Vectors have magnitude and direction, and are used to represent physical quantities such as force, position, velocity, and acceleration. They are usually written in component form as ${\bf a} = ( 3, 7, 2 )$ If the 3, 7, and 2 represent the x, y, and z components (or even r, $$\theta$$, and z components) of some force, velocity, acceleration, etc, then they constitute a vector. If they instead represent the number of people who ate breakfast, lunch, and dinner with you, then they are not a vector. You get the idea.

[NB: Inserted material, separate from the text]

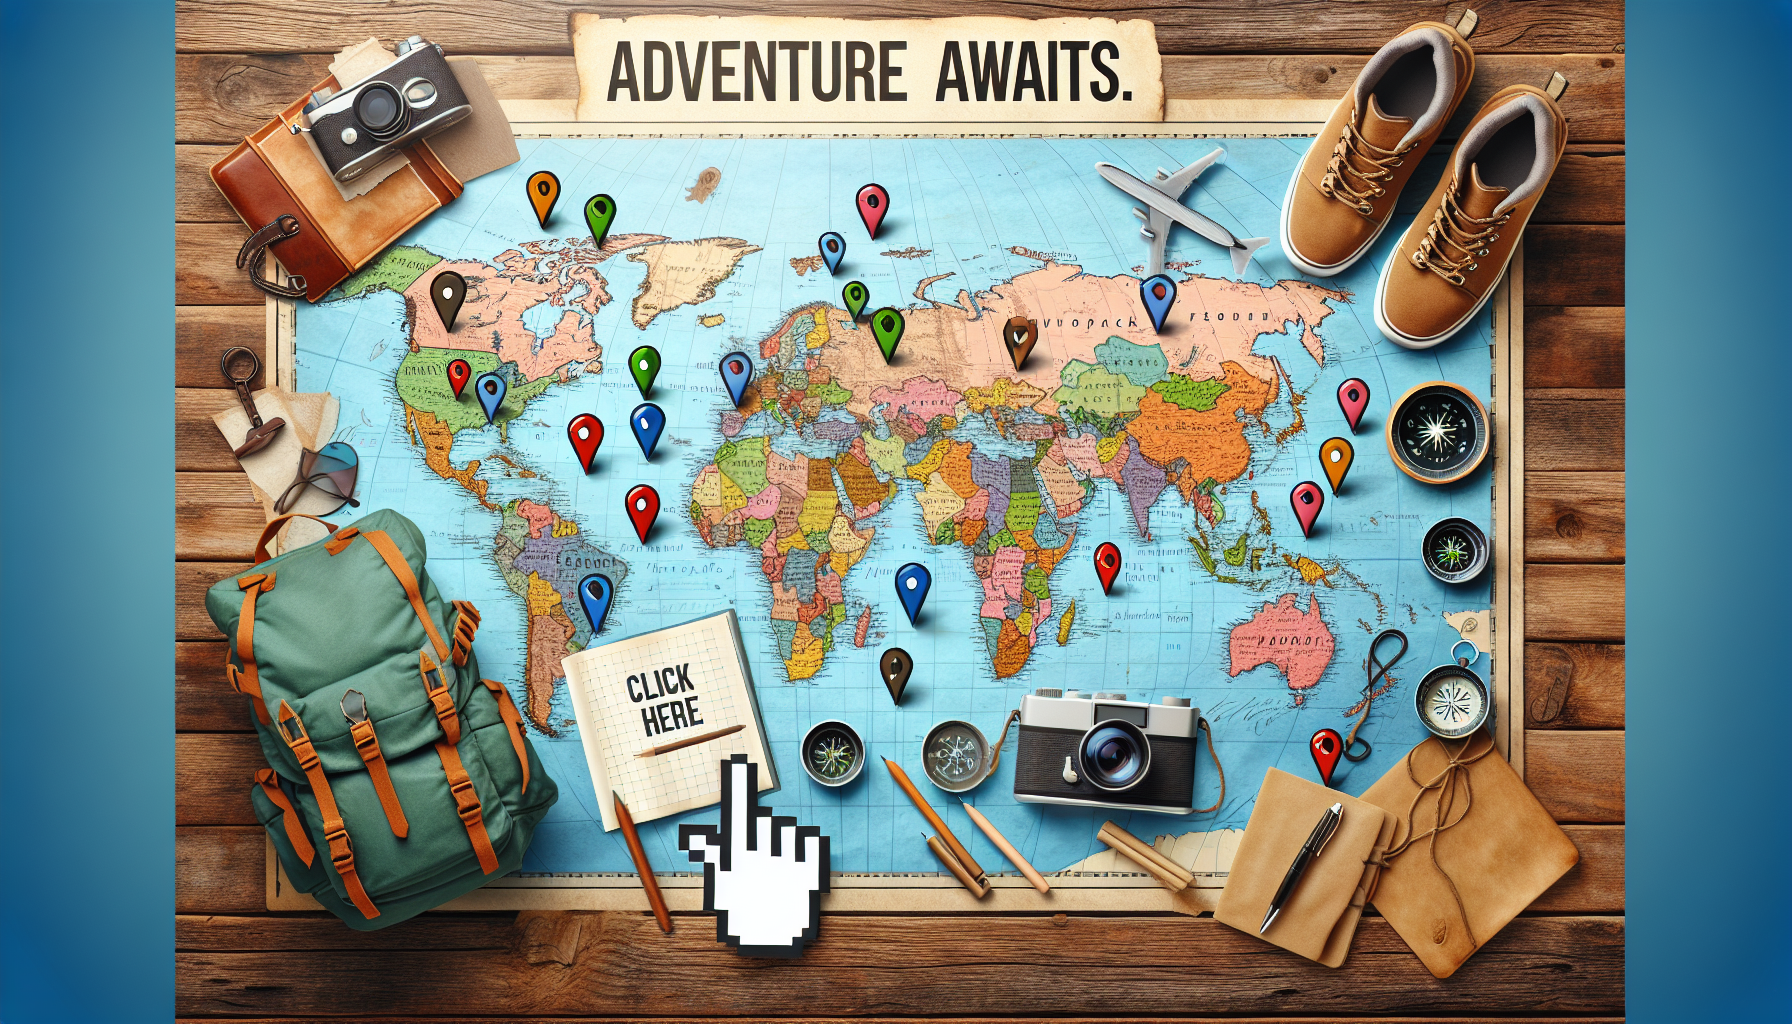 find budget-friendly travel tips for backpackers and discover where to go on vacation with ease. plan your next adventure now!

A key question asked of a vector is, "Does it obey the usual rules of coordinate system transformations of vectors?" As expected, forces, accelerations, etc do. The number of people eating meals with you does not. Coordinate Transforms are discussed in detail here.

### Where is the vector?

Does a vector contain information about its location? In general, no. In a force vector such as $$(3, 8, 5)$$, the 3, 8, and 5 give the force component in each direction, but nothing about its position. A second position vector would be needed to specify the location of the force vector.

## Length of a Vector

The length of a vector is

$|{\bf a}| = \sqrt{a^2_1 + a^2_2 + a^2_3}$

### Vector Length Example

If $${\bf a} = ( 3, 7, 2 )$$, then

$|{\bf a}| = \sqrt{3^2 + 7^2 + 2^2} = \sqrt{62} = 7.874$

## Unit Vectors

A unit vector has a length equal to one. It is created by dividing each component of the vector by its total length.

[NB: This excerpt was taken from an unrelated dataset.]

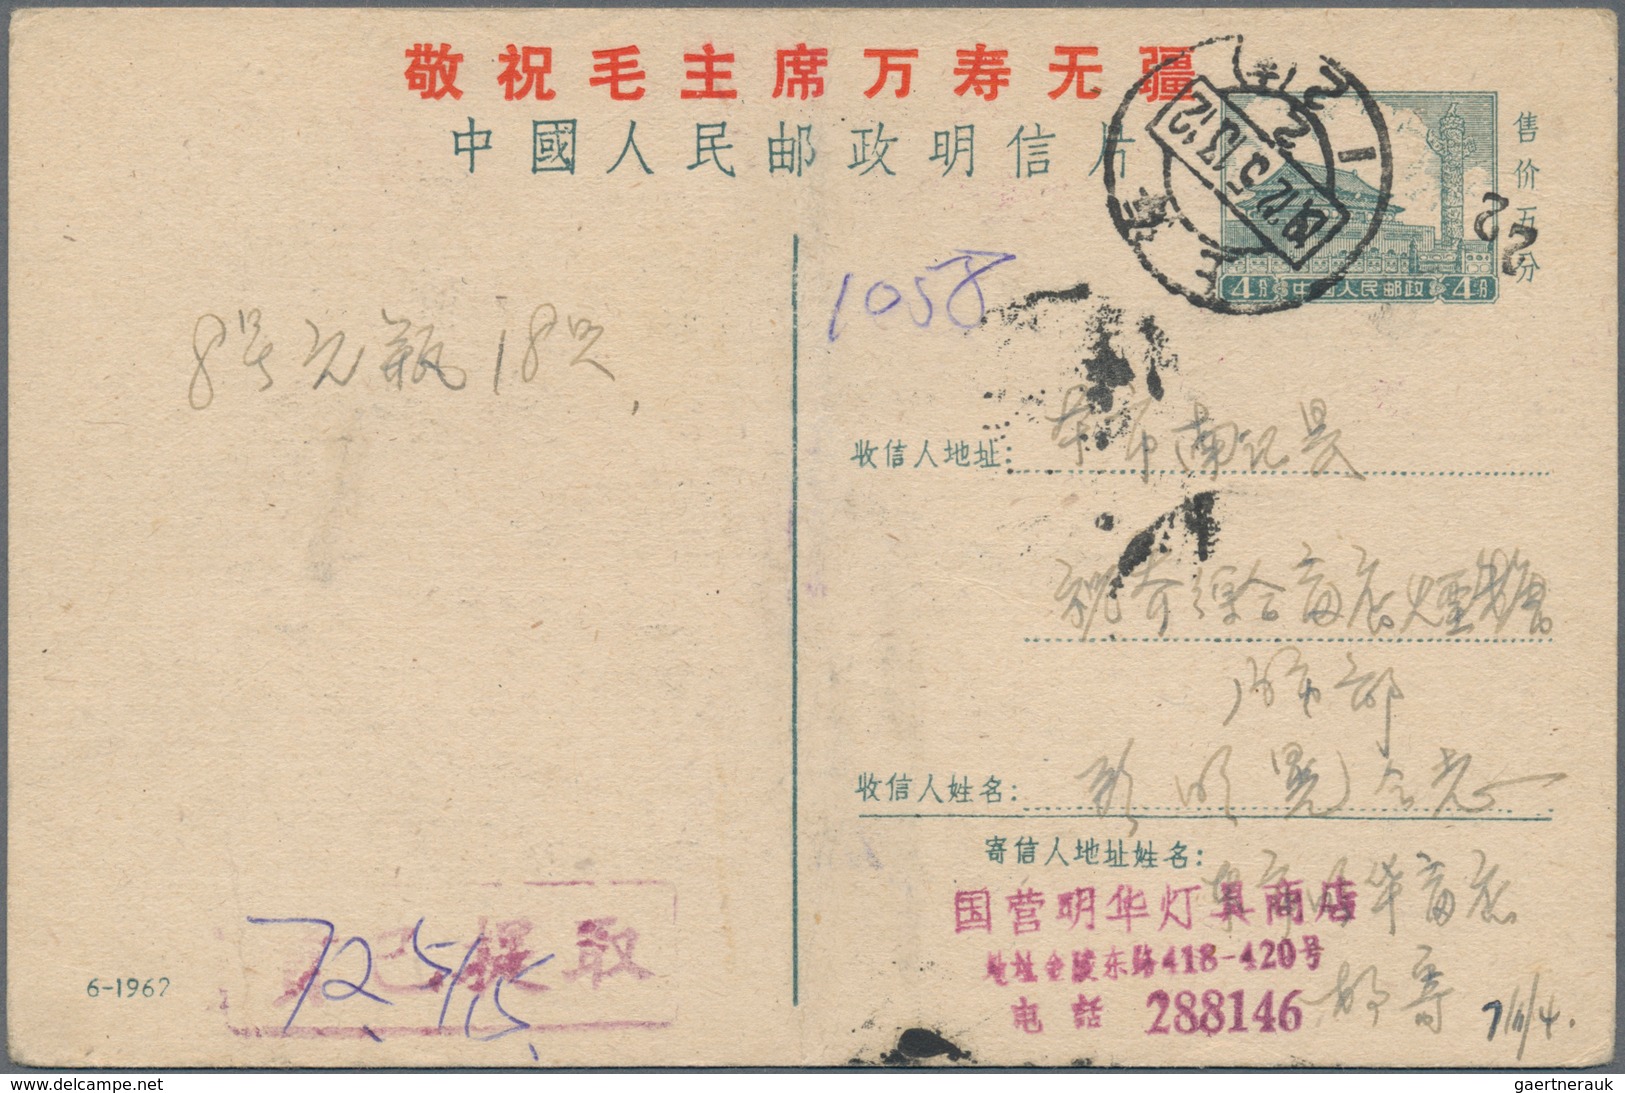 China - Volksrepublik - Ganzsachen: 1952/81, collection of used only inland stationery cards (31) of

${\bf u} = {{\bf a} \over |{\bf a}|} = {(a_1, a_2, a_3) \over \sqrt{a^2_1 + a^2_2 + a^2_3}}$

### Unit Vector Example

If $${\bf a} = ( 3, 7, 2 )$$, then

${\bf u} = \left( {3 \over \sqrt{62}}, {7 \over \sqrt{62}}, {2 \over \sqrt{62}} \right)$

$(1, 3, 2) + (4, 1, 7) = (1+4, 3+1, 2+7) = (5, 4, 9)$
Vector addition can be written as

${\bf c} = {\bf a} + {\bf b} \quad \quad \quad \text{or} \quad \quad \quad c_i = a_i + b_i$
The first form is vector or matrix notation, where non-scalars are written in bold font. The second form has many names: index, indicial, tensor, and Einstein notation.

### Coordinate Systems

As simple as vector addition is, it does rely on one key rule that is often taken for granted. It is that both vectors must be in the same coordinate system. In fact, this is true for all vector and tensor operations.

## Dot Products

The dot product of two vectors is a scalar whose value is

${\bf a} \cdot {\bf b} = |{\bf a}| \, |{\bf b}| \cos \theta$
where $$\theta$$ is the angle between the two vectors. Applying this to the vector components gives

$\begin{eqnarray} {\bf a} \cdot {\bf b} & = & ( a_x {\bf i} + a_y {\bf j} + a_z {\bf k} ) \cdot( b_x {\bf i} + b_y {\bf j} + b_z {\bf k} ) \\ \\ & = & \matrix { a_x b_x ( {\bf i} \cdot {\bf i} ) & + & a_x b_y ( {\bf i} \cdot {\bf j} ) & + & a_x b_z ( {\bf i} \cdot {\bf k} ) & + \\ a_y b_x ( {\bf j} \cdot {\bf i} ) & + & a_y b_y ( {\bf j} \cdot {\bf j} ) & + & a_y b_z ( {\bf j} \cdot {\bf k} ) & + \\ a_z b_x ( {\bf k} \cdot {\bf i} ) & + & a_z b_y ( {\bf k} \cdot {\bf j} ) & + & a_z b_z ( {\bf k} \cdot {\bf k} ) } \\ \end{eqnarray}$
but $${\bf i} \cdot {\bf i} = {\bf j} \cdot {\bf j} = {\bf k} \cdot {\bf k} = 1$$ and $${\bf i} \cdot {\bf j} = {\bf j} \cdot {\bf k} = {\bf k} \cdot {\bf i} = 0$$, leaving only

${\bf a} \cdot {\bf b} = a_x b_x + a_y b_y + a_z b_z$
Therefore, in summary, the dot product is

${\bf a} \cdot {\bf b} = |{\bf a}| \, |{\bf b}| \cos \theta = a_x b_x + a_y b_y + a_z b_z$

### Dot Product Example

If $${\bf a} = ( 3, 7, 2 )$$, and $${\bf b} = ( 1, 2, 3 )$$, then

${\bf a} \cdot {\bf b} = 3 * 1 + 7 * 2 + 2 * 3 = 23$
and since $$|{\bf a}| = 7.874$$, and $$|{\bf b}| = 3.742$$, then $$\theta$$ can be solved for to find that the angle between the vectors is 38.7°.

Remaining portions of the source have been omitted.